In the business intelligence (BI) industry, many buyers associate the term "self-service BI" with user-friendliness. However, that isn’t always the case. In fact, the tools that BI vendors often tout as self-service are, in reality, not even approachable for the average, non-technical employee.
Self-service BI, defined broadly, means business intelligence users have the ability to support their own needs for insight and experimentation without involvement from IT or a product specialist every time they’d like to bring in a new data source or create a new analysis. But self-service is an elastic term. What is considered self-service for some is certainly not self-service for all.
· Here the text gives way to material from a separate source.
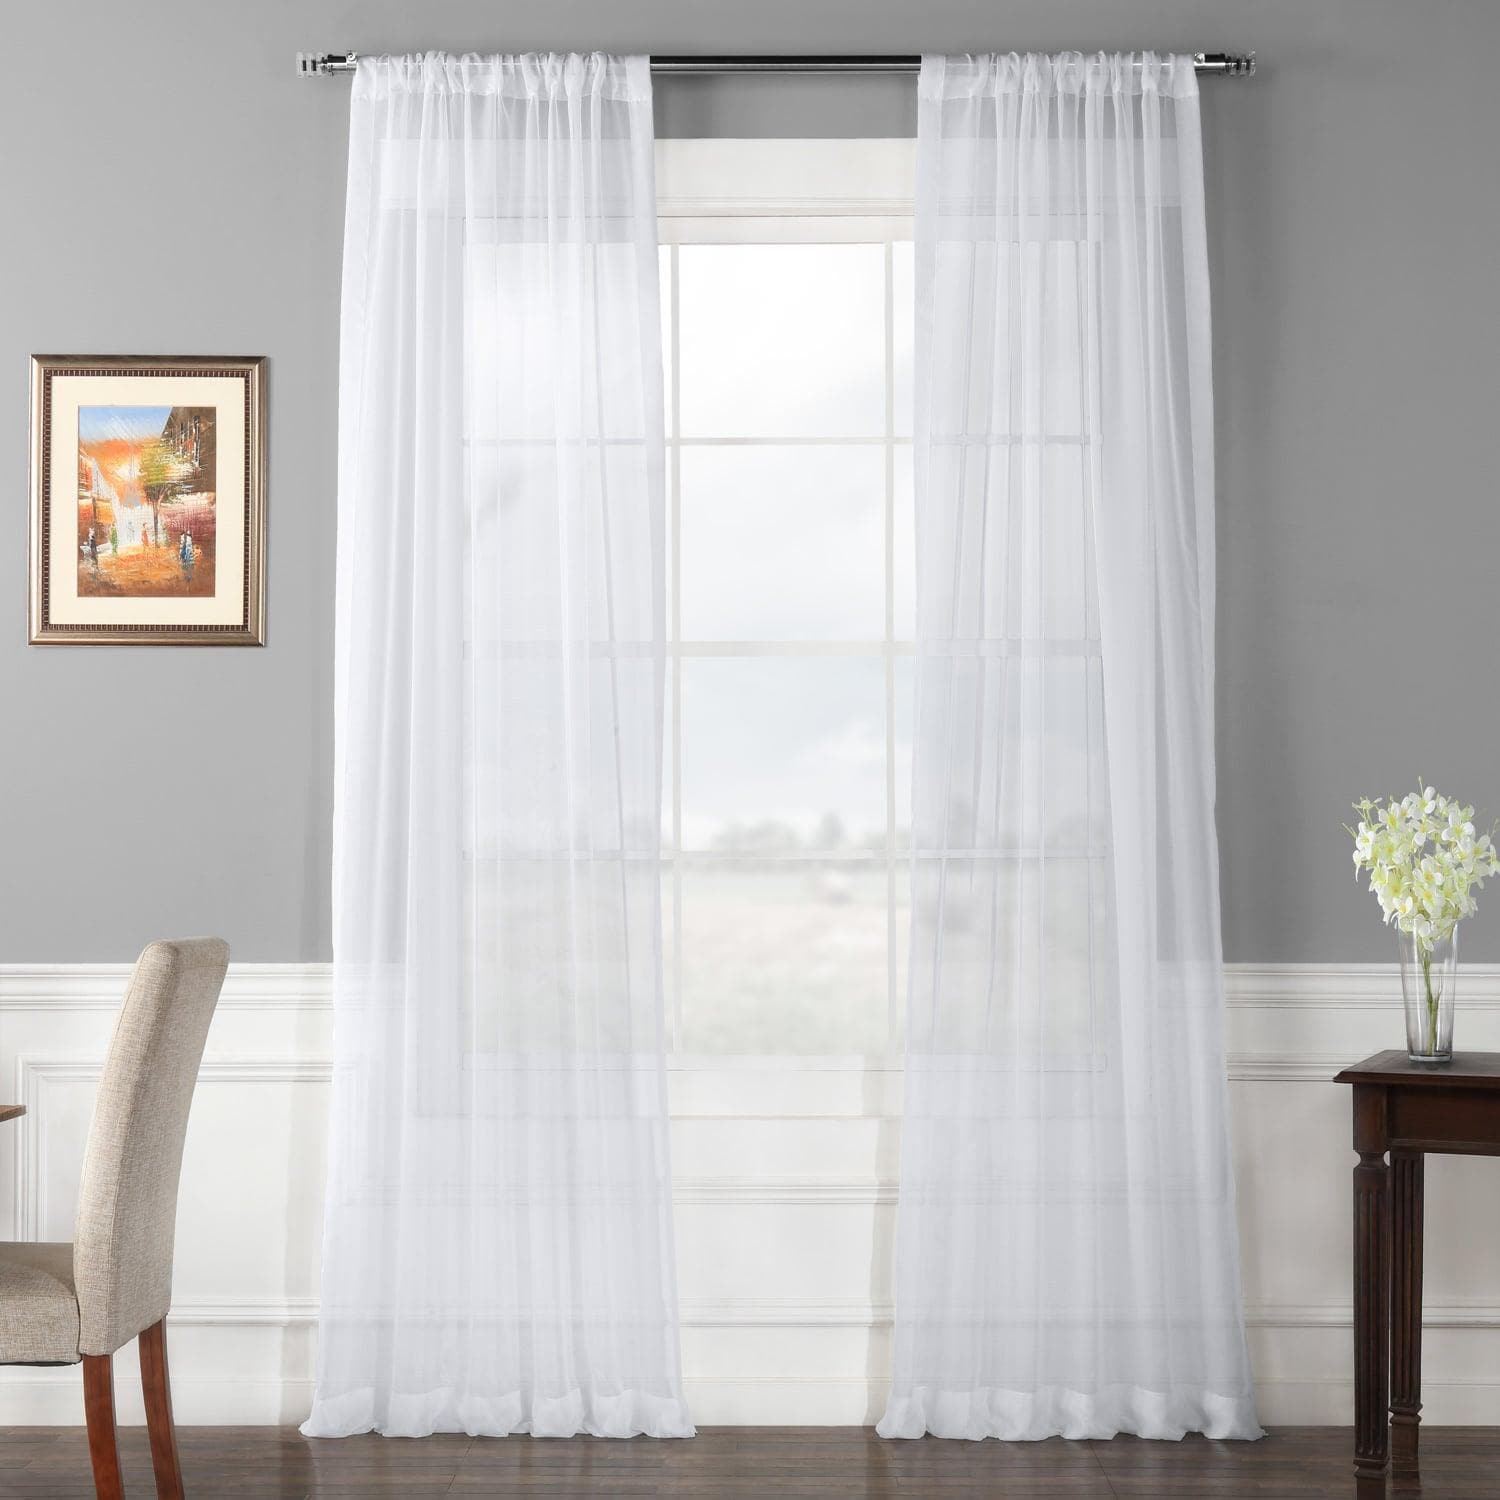 Solid White Voile Sheer Curtain Pair (2 Panels)

A true self-service BI solution focuses on both centralized and de-centralized BI. In other words, self-service is a part of the full BI lifecycle of insight discovery, insight testing, and execution.
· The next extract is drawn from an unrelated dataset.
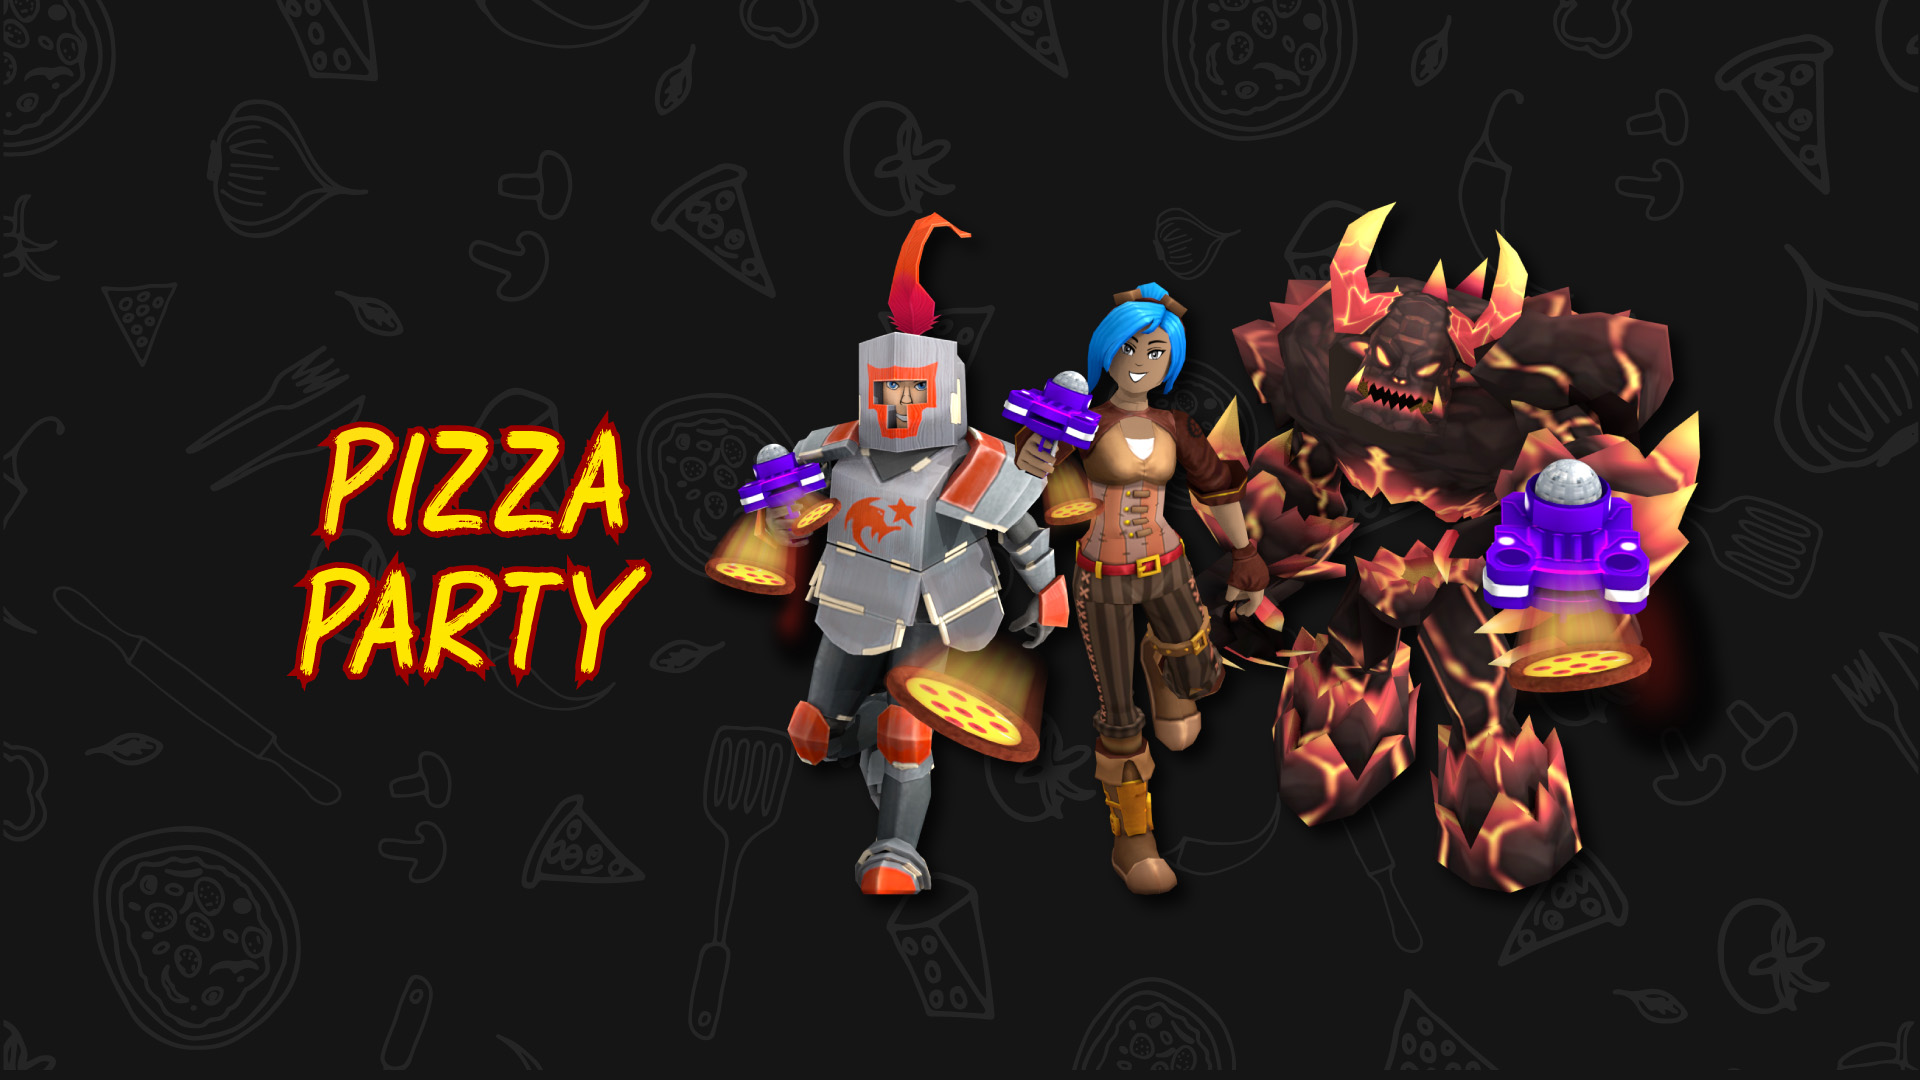 Pizza Party Event Work At A Pizza Place Wiki Fandom - roblox pizza place secrets 2019

When searching for a business intelligence platform with self-service capabilities worth their salt, it’s important to determine specifically who should be able to take advantage of any self-service capabilities and in which ways. That’s why categorizing your BI user personas is an important step that must be taken before implementing BI.
Typically, there are three levels of self-service capabilities that a BI solution worthy of the words should offer. Each level, while self-service by definition, is only that for a particular type of BI user with a particular set of BI skills. These levels begin with the broadest amount of users and end in a realm that’s exclusive to highly technical employees within the company.
Guided analytics includes pre-built dashboards and analyses that clearly guide users — regardless of technical expertise — and make it possible to drill down into the numbers for more details. Users of guided analytics get the answers they need to support daily business and feel empowered with the insight most relevant to them.
This level of self-service BI provides users with the ability to create new content for their own consumption and to share with others. These abilities include designing new reports and analyses, setting notifications, scheduling reports, and more. It is important to note that all new content created is based on data models already available within the BI environment.
Self-service data discovery allows users to integrate new data sources and mash up those data sources when data is within the existing BI environment. The process of data discovery fully embraces experimentation with new data and hypotheses.
Users of self-service data discovery are skilled at thinking outside the BI box. They use data discovery tools to test their own hypothesis on the reasons behind company results, such as combining internal revenue data with industry revenue data to see if they’re gaining market. Or using weather and traffic data to see potential correlations with business performance. Or even examining population density in certain areas to select locations for new retail outlets.
The beauty of external data discovery is that it’s just about as endless as the user’s imagination.
If and when the data is determined to be a valuable performance indicator, it can then be published for use across the entire department, allowing everyone to gain the advantage of insight. This execution of the tested data keeps the BI lifecycle spinning.
Suffice it to say that this level of self-service BI is not one that even non-technical users can easily wrap their arms around. This is an environment for Business Analysts, Data Scientists, and Citizen Data Scientists.